Police to control the behaviour and safety in traffic of vulnerable road users

Publication date 30.9.2022 13.22
News item

The police will organise intensive controls of compliance with the traffic rules and the safety of unprotected road users on Monday 3 October 2022.

Control will be targeted in particular at cyclists and operators of light e-vehicles and focus on compliance with the rules at traffic lights, cyclists riding on the pavement and operators of light e-vehicles driving on the pavement, compliance with give-way rules at junctions and the use of headlights in the dark and dusk.

Control will be targeted also at motorised vehicles.

“The police will also intervene in stopping and parking that inconveniences and endangers the mobility of vulnerable road users,” says Chief Superintendent Heikki Kallio at the National Police Board. 

Kallio says that the police will mostly intervene in cases where a vehicle has illegally stopped or parked on a pavement, pedestrian crossing, cycle path, cycle path extension or within five metres before a pedestrian crossing, cycle path intersection or cycle path extension intersection. Parking control will be carried out together with municipal parking control authorities.

Vulnerable road users account for a high rate of fatalities

“Vulnerable road users accounted for 47% of road traffic fatalities in the EU in 2017. This figure includes motorised two-wheeler vehicles. This is why the safety of these road users must constantly be the focus of safety work,” says Kallio.
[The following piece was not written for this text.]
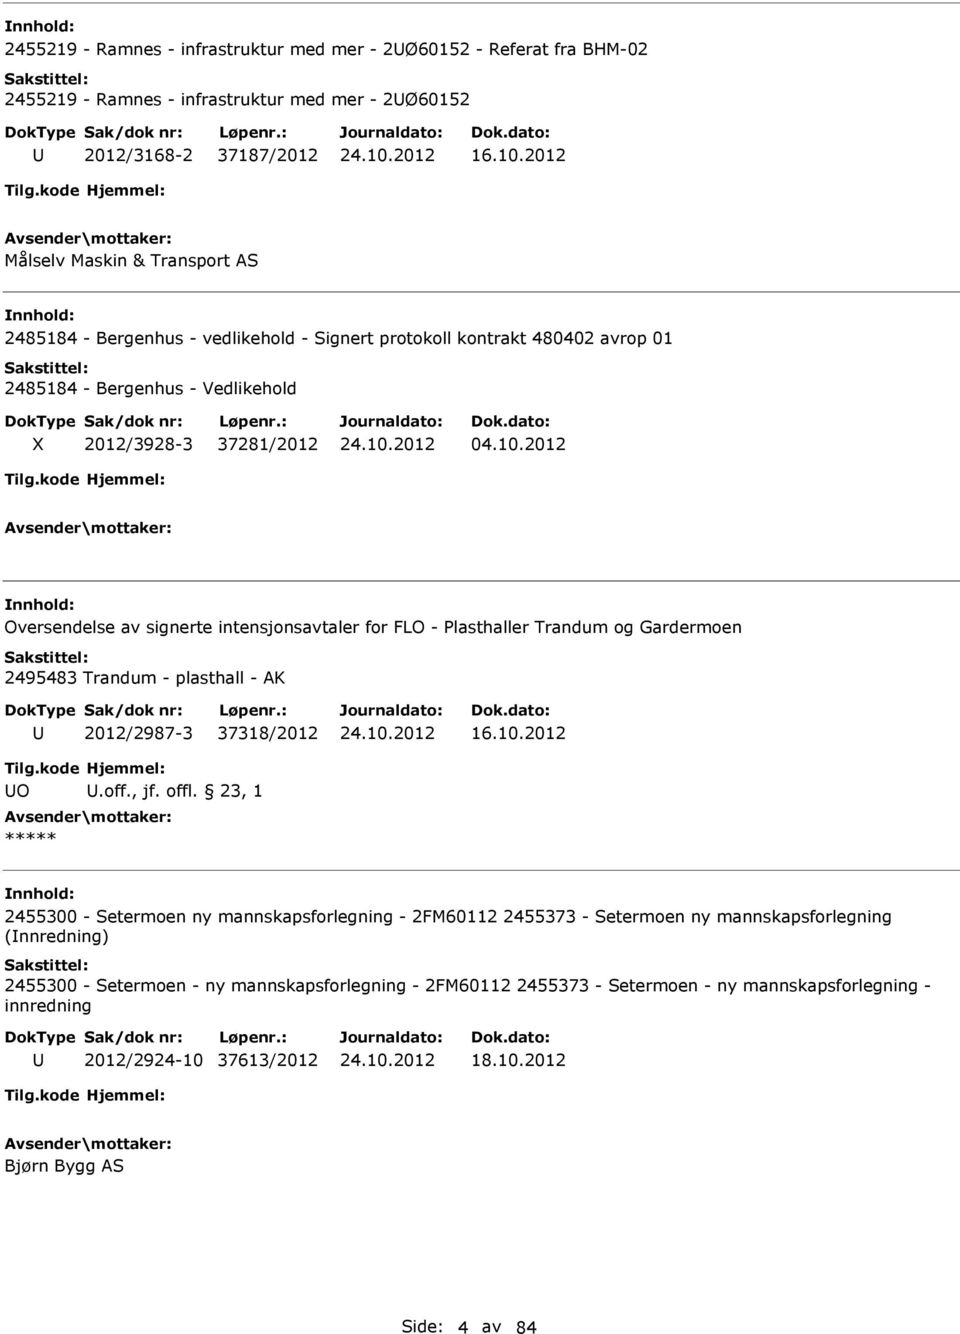 2012 Oversendelse av signerte intensjonsavtaler for FLO - Plasthaller Trandum og Gardermoen 2495483 Trandum - plasthall - AK 2012/2987-3 37318/2012 16.10.2012 O.off., jf. offl.

Statistics published by Statistics Finland show that 534 cyclists, 255 pedestrians and 598 motorcyclists were injured in road traffic (incidents of which the police are aware) last year.

”It should be pointed out, however, that the police are not made aware of all accidents involving cyclists, especially so-called single accidents, where there are no other parties involved and so these are not recorded in the official statistics. This means the number of injuries is significantly higher that the so-called official statistics,” Kallio reminds us.